The war on hourly billing is being waged worldwide. Last week we talked about the battle in this country ("The billable beast of burden" and "The fool or the fool who follows him") and in Canada ("No hourly billing, eh?"). Yesterday, London's Financial Times had an article by legal correspondent Michael Peel saying that hourly billing may be on the outs in the UK as well. The article, with the promising title "UK law firms to reform hourly fee system," says that top London law firms are facing increased pressure from clients unhappy with large bills. Peel writes:
Top firms told the Financial Times that they were increasingly offering alternatives to hourly rates and making more use of cost-cutting business practices, such as putting services offshore. Tim Jones, head of the London office of Freshfields Bruckhaus Deringer, said that, although hourly billing still had a “fairly central role in most people’s thinking”, firms were increasingly offering clients deals such as fixed fees or rates tied to the success of transactions.

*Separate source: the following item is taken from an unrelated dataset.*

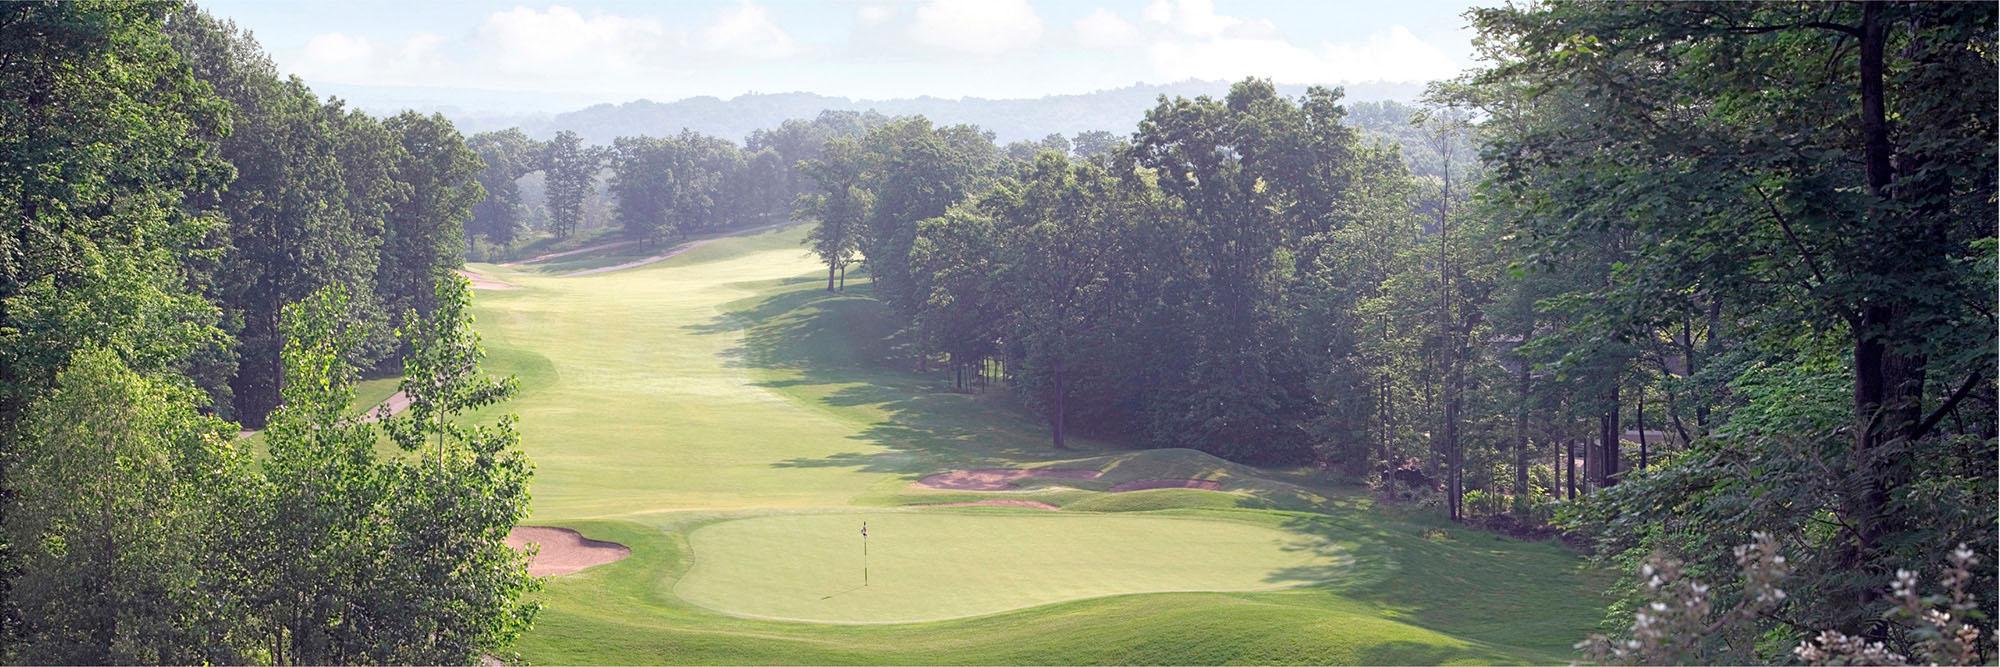 Golf Course Image - Thousand Oaks No. 12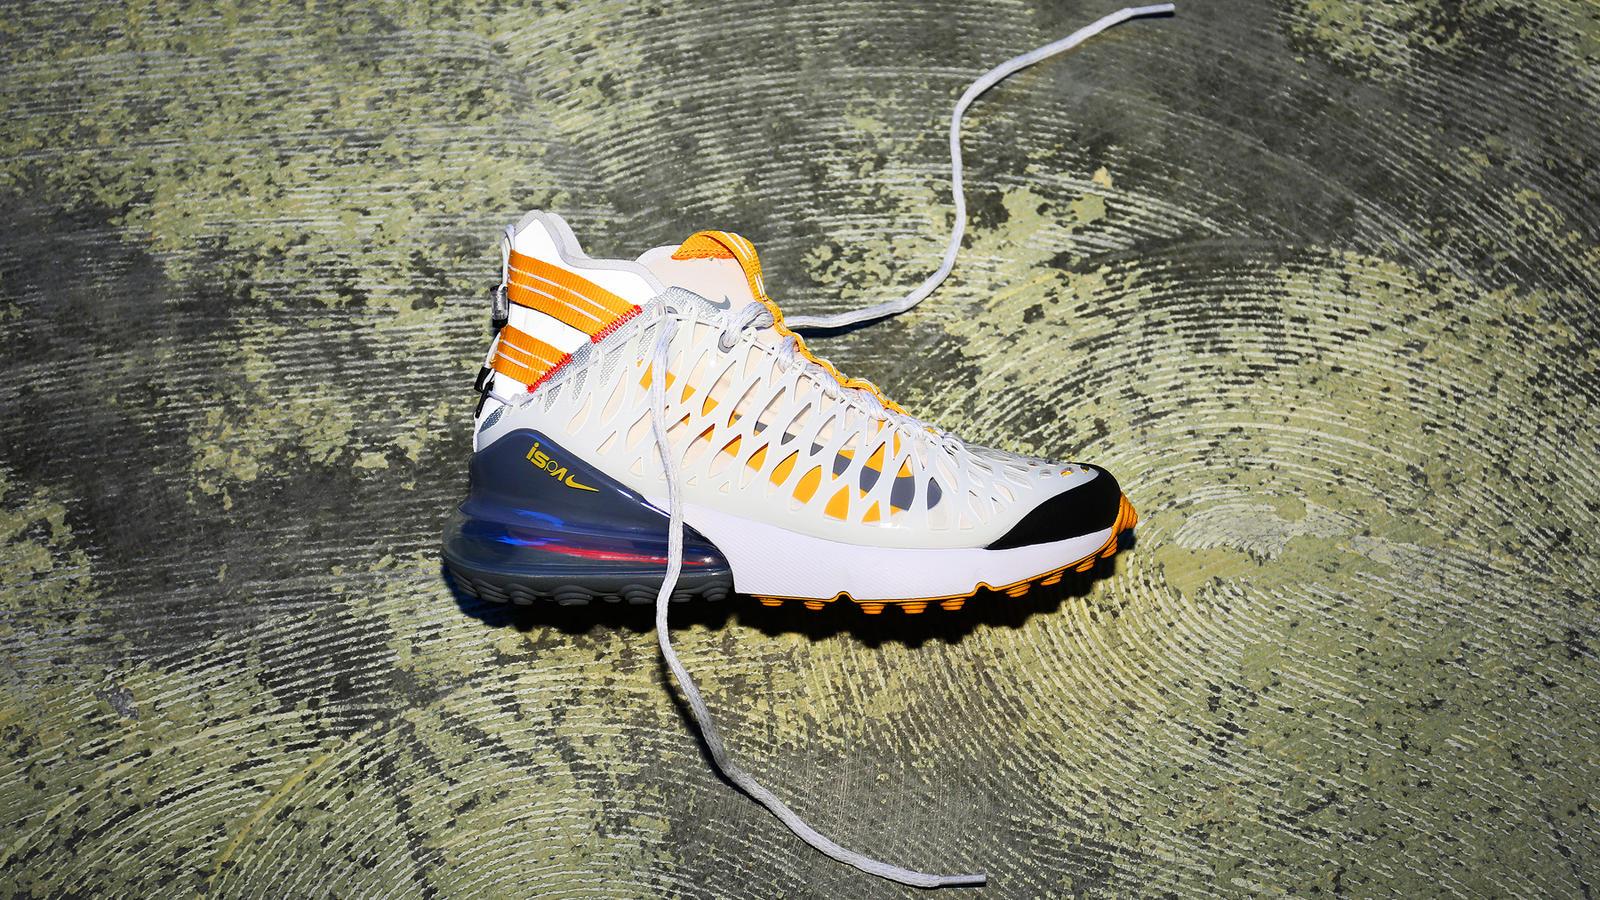 Nike Ispa Air Max 270 Legitimate Pictures four Kenlu Web 17b89c374ef1

He said: “I think the big firms are very conscious that the efficiency of working practices is going to be absolutely fundamental in the coming years. We will have to look very carefully at how our terms are structured.”
The "efficiency of working practices," as Freshfields's Jones puts it, is the key point. Hourly billing, as we've said many times, discourages efficiency by rewarding inefficiency.
Peel reports that at Linklaters, another "Magic Circle" firm, a "significant amount" of the work is no longer billed by the hour. Peel does note that British firms have been somewhat slower than their American cousins in considering alternatives to the billable hour. But it's comforting to know that the opponents of hourly billing have allies overseas.